Movie Review: The Royal Tenenbaums




By Julian Box


In 2001, Wes Anderson’s The Royal Tenenbaums was released in theatres, eventually winning an Oscar and obtaining more than 70 million dollars in box office sales. 

Wes Anderson’s films have a very unique look to them. The shots in this movie are beautiful. They have common themes of symmetry, crafted with extreme intellect and creativity. This particular Anderson flick involves Gene Hackman playing the role of Royal Tenenbaum, a patriarch undergoing financial instability trying to rekindle relationships with his dysfunctional family after years of isolation. Hackman does an amazing job in this role, and, in my opinion, this is one of his best movies.  That’s saying a lot, as he has appeared in so many great films.

Royal and Etheline Tennenbaum are the parents of three genius children with very versatile talents. Growing up, Royal often treated his children with extreme insensitivity, upsetting their emotional health, which eventually ended in a separation between Royal and Etheline. Royal then moves into a hotel and does not talk to his family for more than two decades. After being kicked out of his hotel, he is determined to resolve relationships with his children and ex-wife. 

While this is all happening, the three now-grown children are coping with their own problems. The oldest son, Chas Tenenbaum, is widowed with twin boys, Ari and Uzi. He is extremely protective and takes great precautions for his children after the loss of his wife to a plane crash. He decides that he is better off staying in his mother, Etheline Tenenbaum’s, house until he feels safe enough to return to his apartment. 

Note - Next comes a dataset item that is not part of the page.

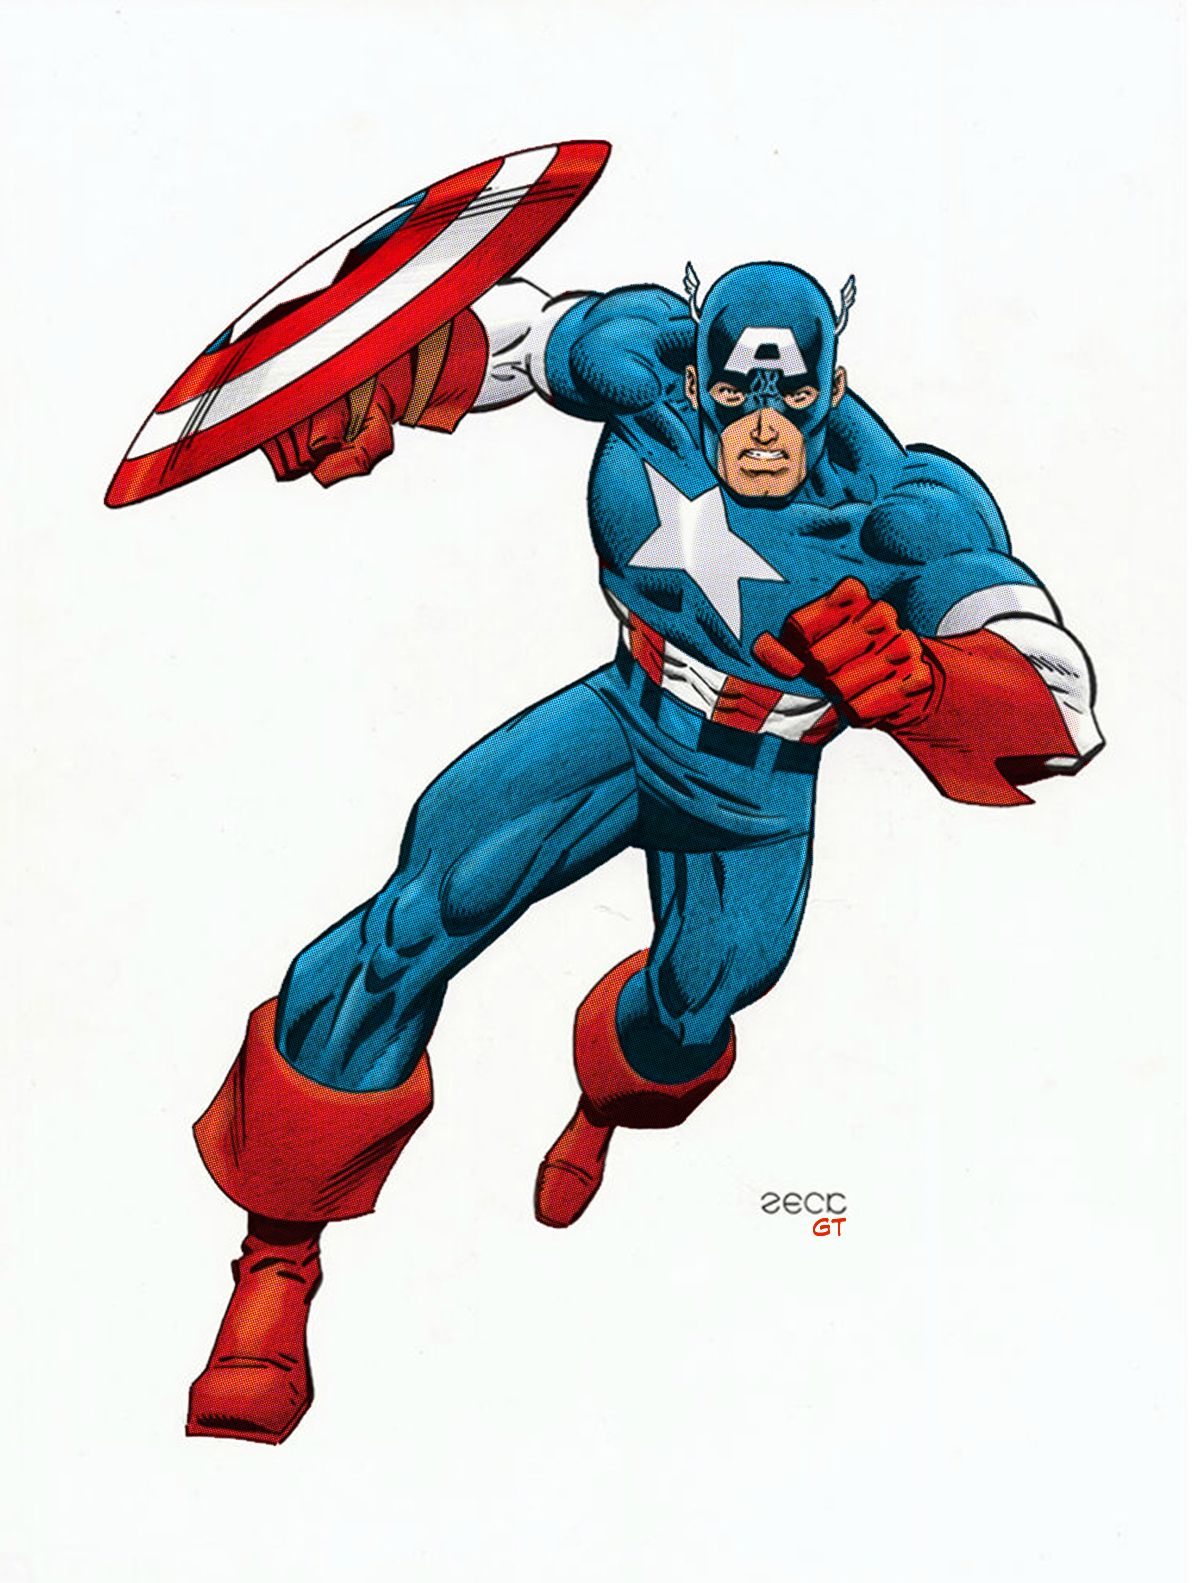 Pin by garrett arakawa on super heroes dessin anim - Dessin anime avengers ...

Margot Tenenbaum is their adopted daughter who is extremely mysterious, isolating herself from everyone around her, including her clingy older boyfriend. She becomes fed up and decides she needs a break and returns to her mother’s house as well to get some space. 

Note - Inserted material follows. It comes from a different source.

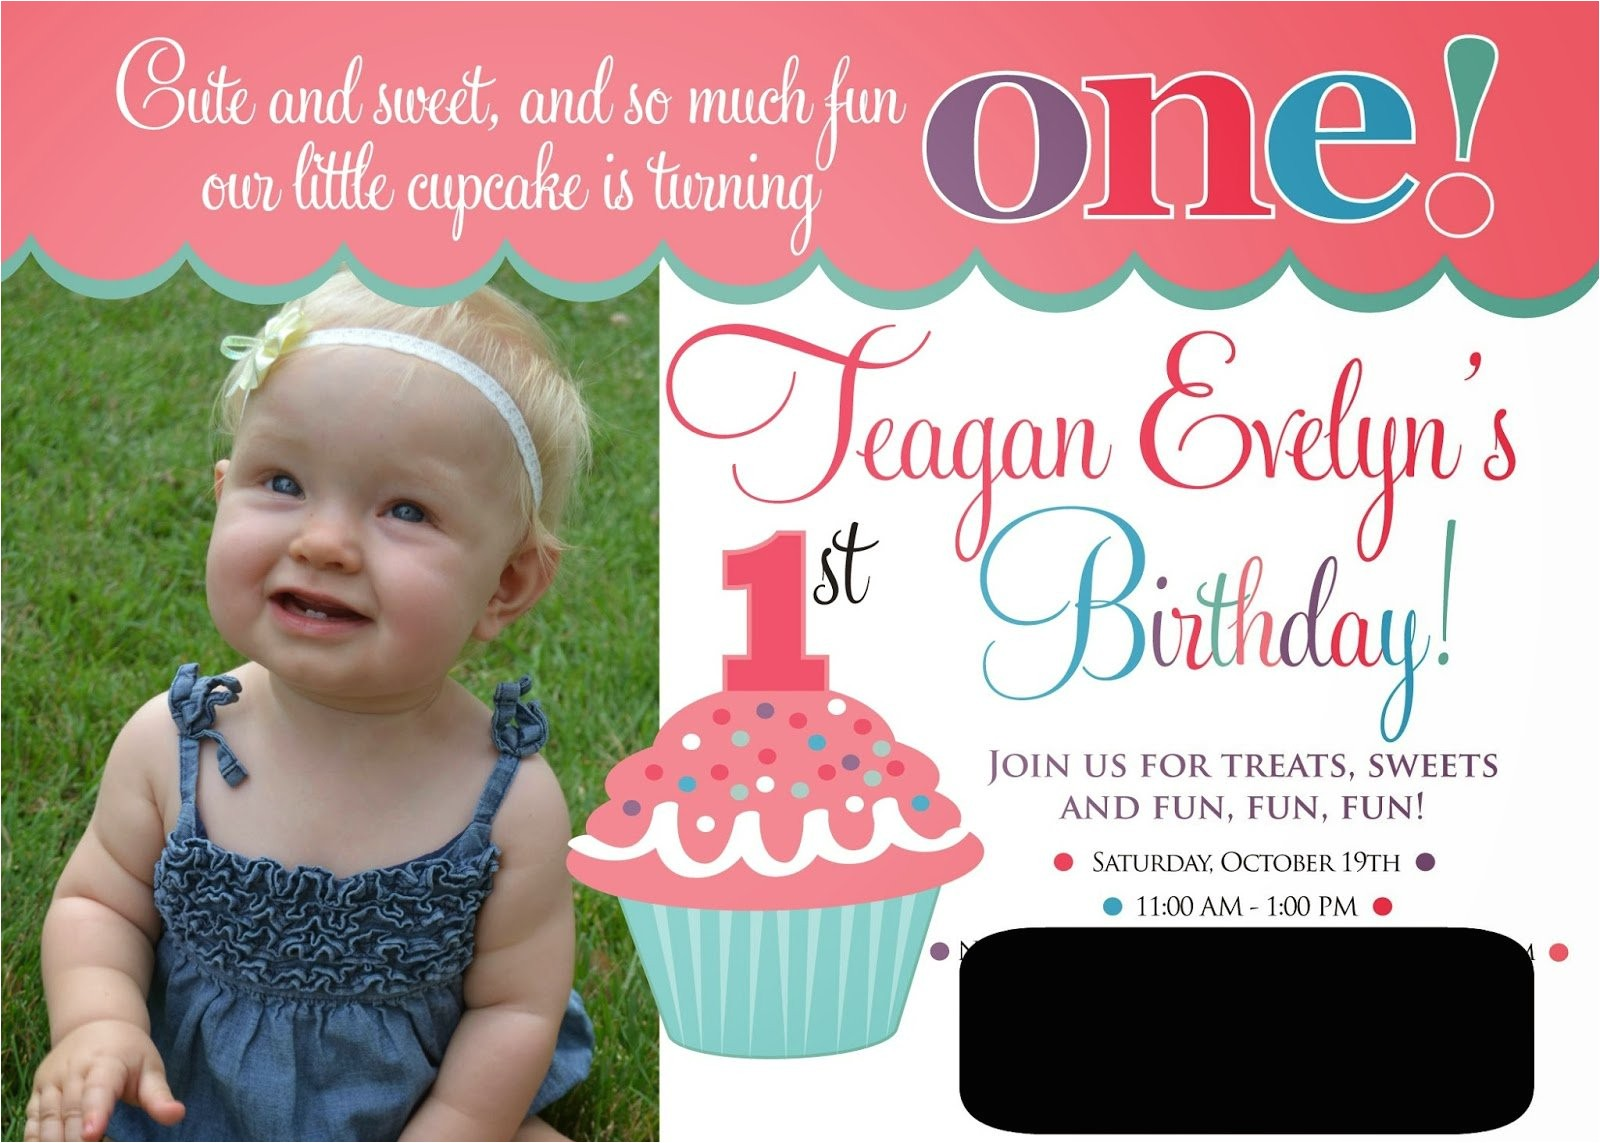 e invitations for 1st birthday

Richie Tenenbaum is perceived as a washed-up tennis player who is in love with his adopted sister. He is still embarrassed by a tennis match he lost years ago and afraid to confess his love for Margot. He travels overseas to return home as well. 

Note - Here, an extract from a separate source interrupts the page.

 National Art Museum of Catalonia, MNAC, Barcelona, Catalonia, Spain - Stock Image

Royal Tenenbaum decides to win his family back through fraud and faking a sickness. While this does ultimately work, there are many obstacles along the way. This is a story of true dysfunction portrayed through beautiful cinematography and an awesome soundtrack. 

Overall, I would highly recommend this movie to anyone who enjoys Wes Anderson’s cinematography. I would say this movie is a 9/10. Thanks to its odd story and very unique character development, this film gives viewers a different outlook on what is possible in film,  opening up the door to a new stylized type of movie.